Advertise for a mother's help. You are looking for someone who can be there for a few hours, help DD start her homework, fix a snack, start dinner and even some light cleaning/tidying. They wouldn't be a stranger once you got to know them. I know a family local to me who employed a local TA to do this job and she did it for years for them until the kids were teens. Ask around as there is bound to be someone.

DisgruntledGuineaPig · 28/08/2020 21:05

Op - the reduced school.hours will not be forever. They might be back to normal finish by the New Year term. If this is a temporary problem, you need to find a solution.

A mother's help would be perfect, someone in the house so she's not coming home to an empty home, who'll clean/start dinner. Or an au pair.

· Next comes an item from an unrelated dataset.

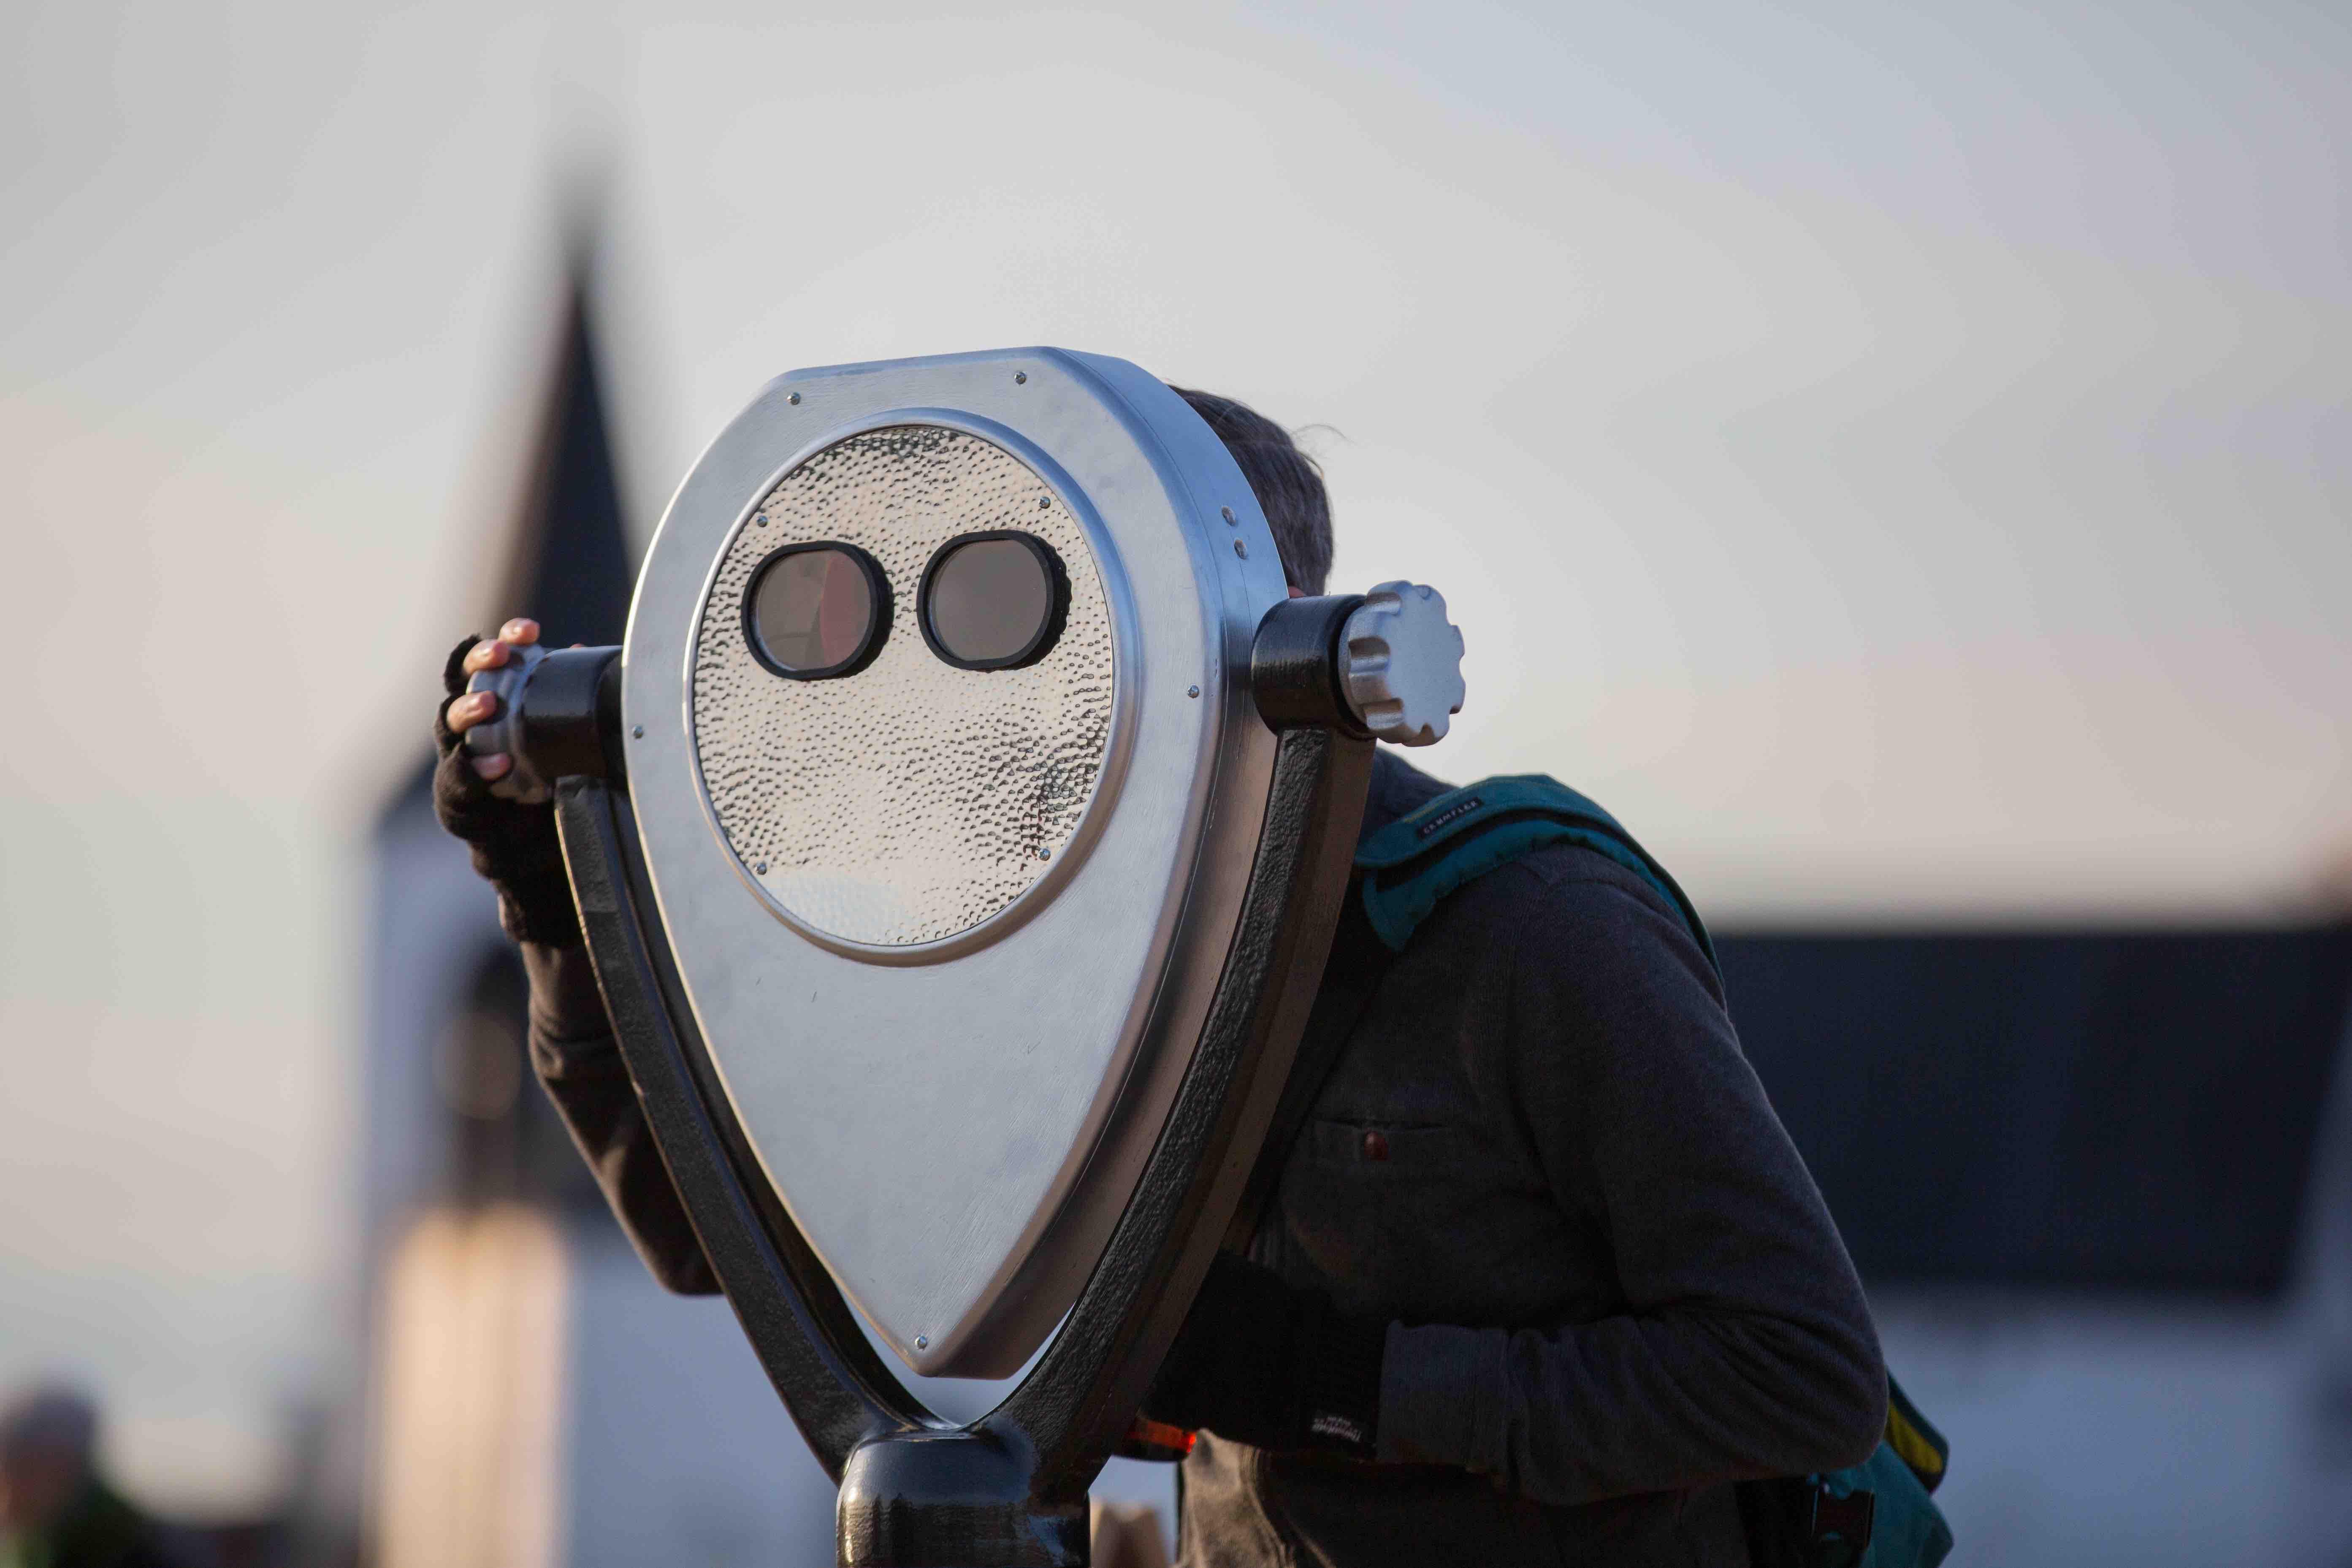 AR binoculars, image Paul Blakemore

They will only be a stranger at first.

The longer you are there the better chance of negotiating different hours.

Look at all solutions that dont involve you giving up work. Be clear with your dh, a term time only 9-1:30pm job is unlikely to turn up, so if he's saying he won't allow a "stranger" in his house, and neither of you feel comfortable with dd staying at home alone for 3 hours each day, hes saying one of you can't work. Assume he is also saying that one is you.

I presume if he's so against home help, he's actively applying for jobs that would mean he could WFH? Or does he just presume you'll change your job or give up work with no impact on him?

DisgruntledGuineaPig · 28/08/2020 21:07

Oh and you are not screwed because of school hours, you are screwed because your dh doesn't want you to use paid help.